INPUT DATA:
== Segment start ==

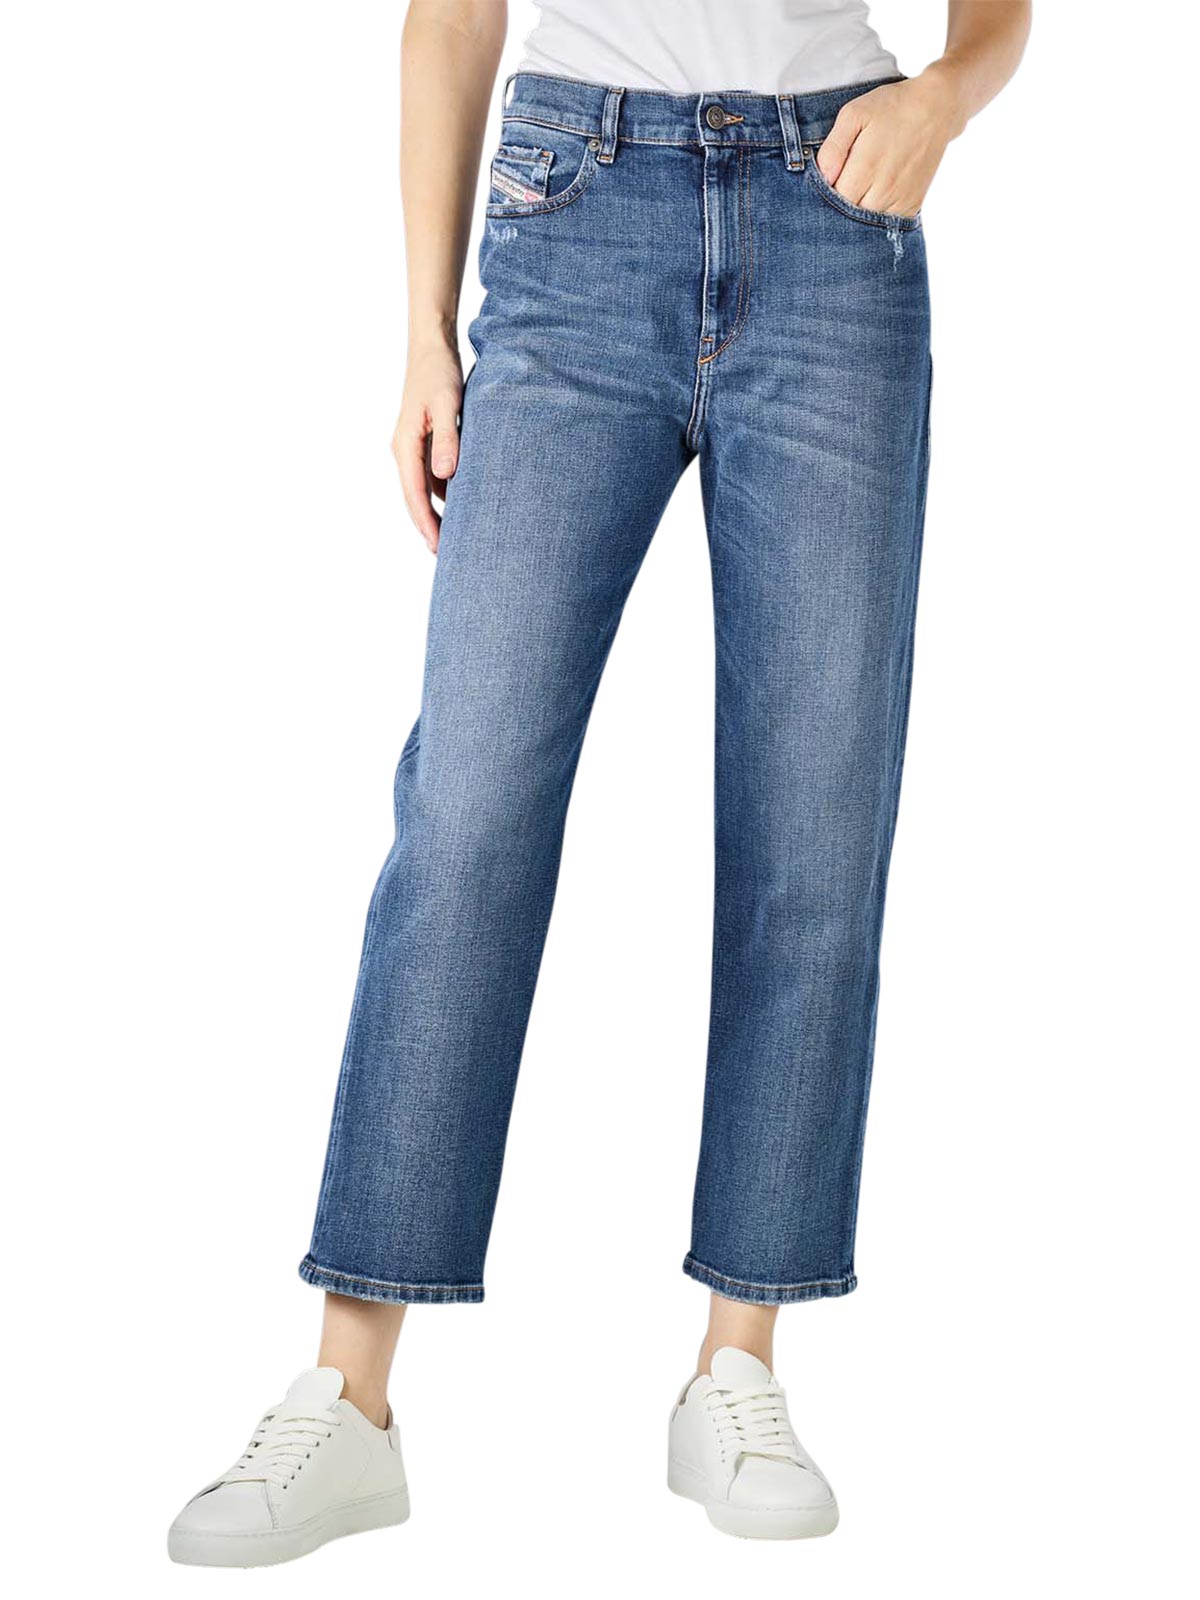 Mysterieus Niet doen kleding stof Diesel 2016 D-Air Jeans Boyfriend Fit Blue Diesel Damen Jeans | Gratis  Lieferung BEBASIC.CH - SIMPLY LOOK GOOD
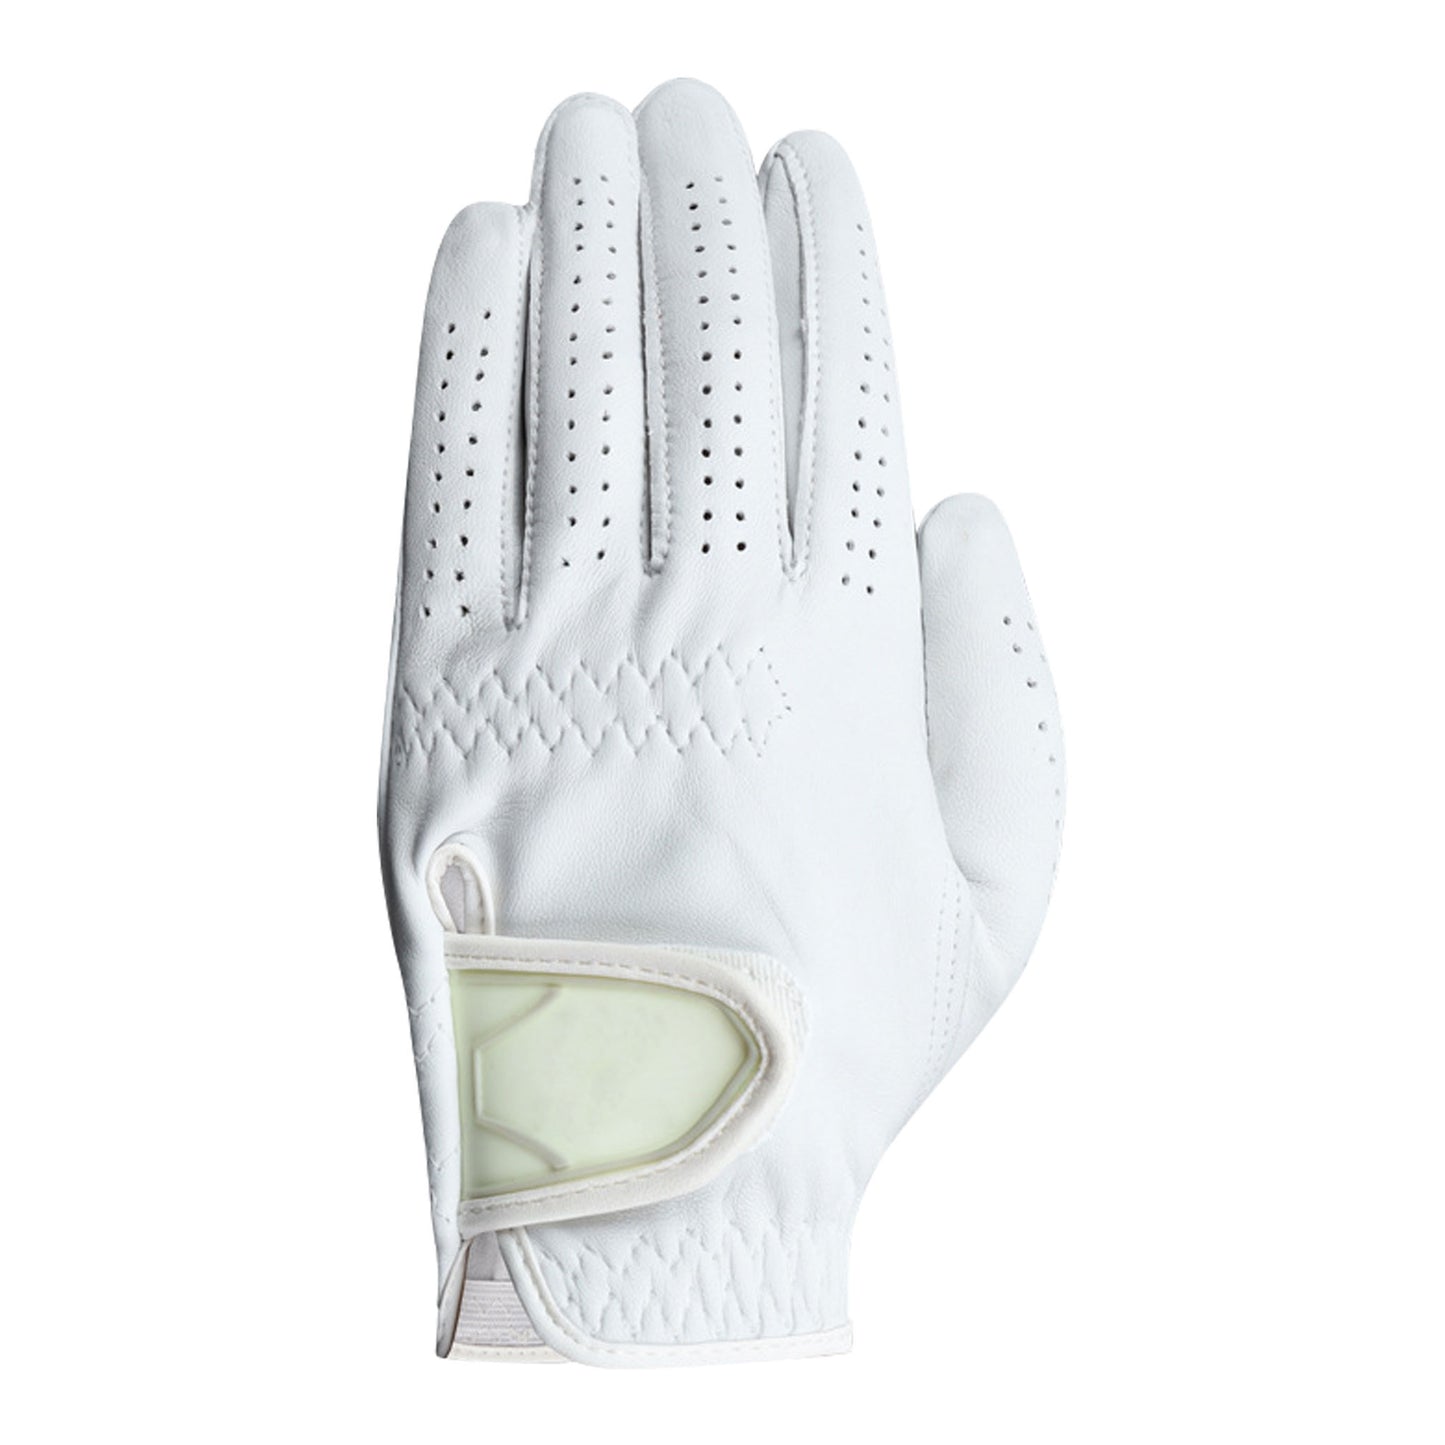 NOVAYAD 2 Pack Golf Glove White for Women，Durable Breathable
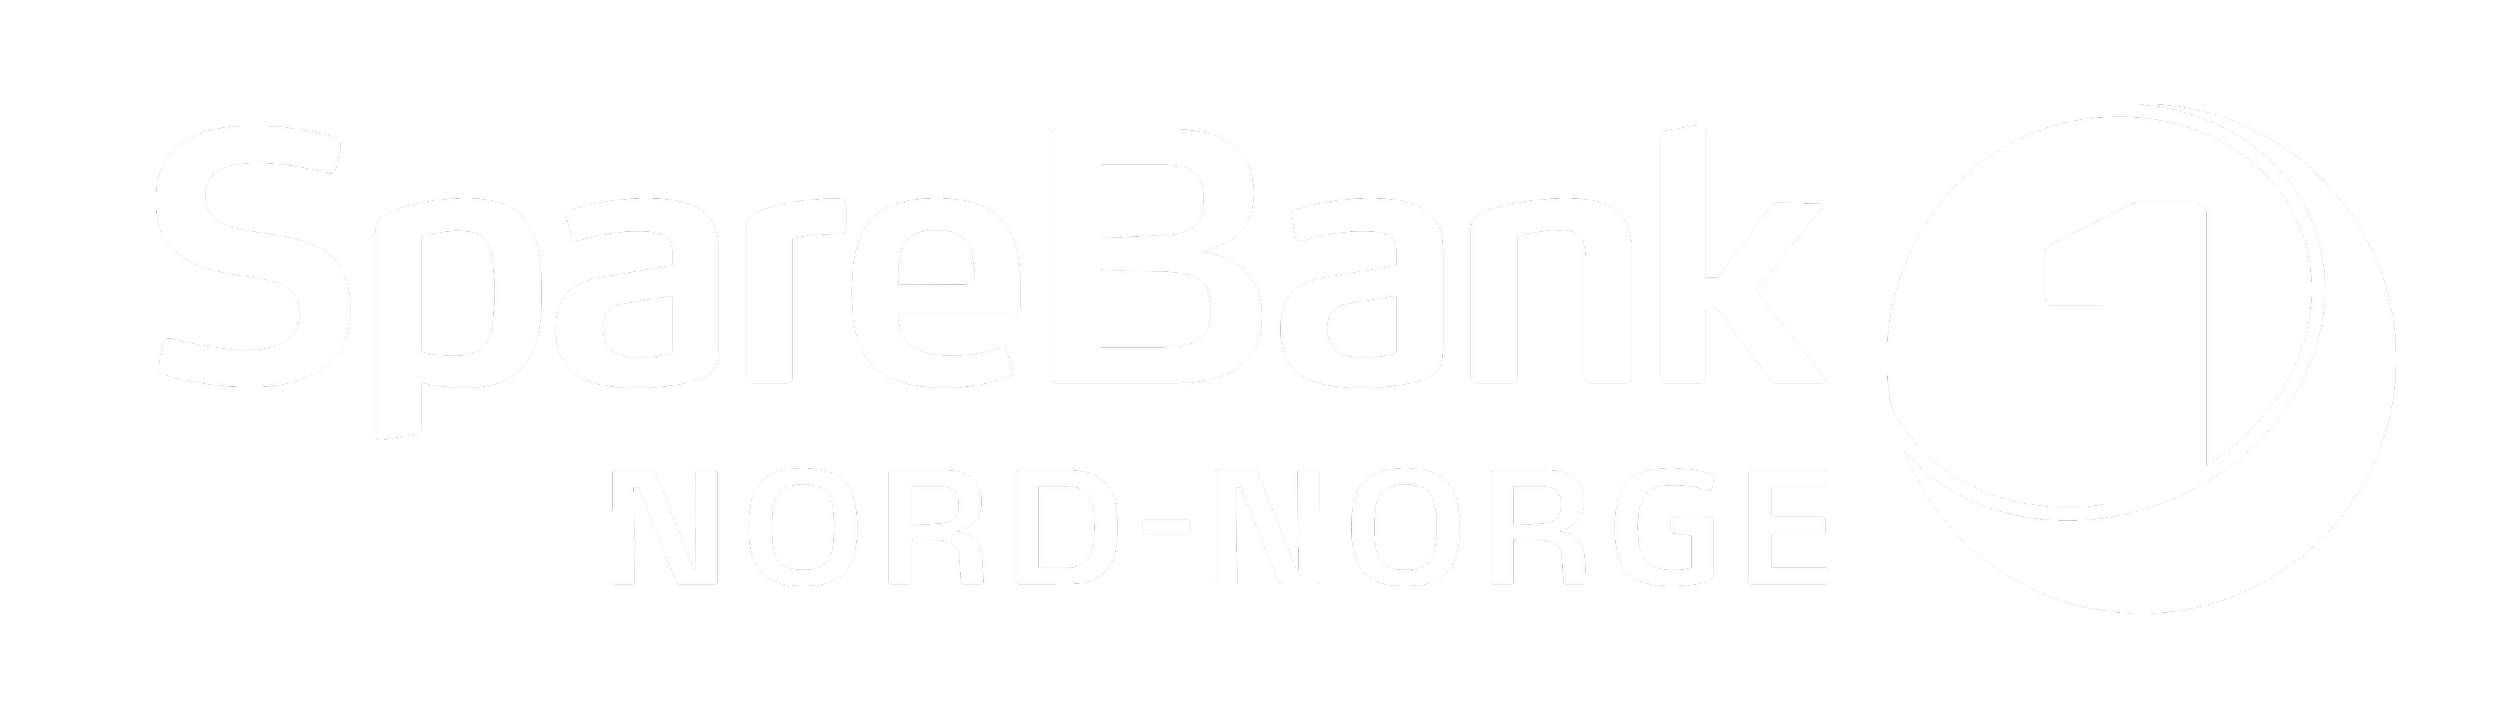 Customer logo SpareBank 1 Nord-Norge

== Segment end ==

WHAT IS EXPECTED:
Leave out the pictures. Transcribe the rest of the listing above exactly.

COMPLETED TASK:
 Mysterieus Niet doen kleding stof Diesel 2016 D-Air Jeans Boyfriend Fit Blue Diesel Damen Jeans | Gratis  Lieferung BEBASIC.CH - SIMPLY LOOK GOOD
 NOVAYAD 2 Pack Golf Glove White for Women，Durable Breathable
 Customer logo SpareBank 1 Nord-Norge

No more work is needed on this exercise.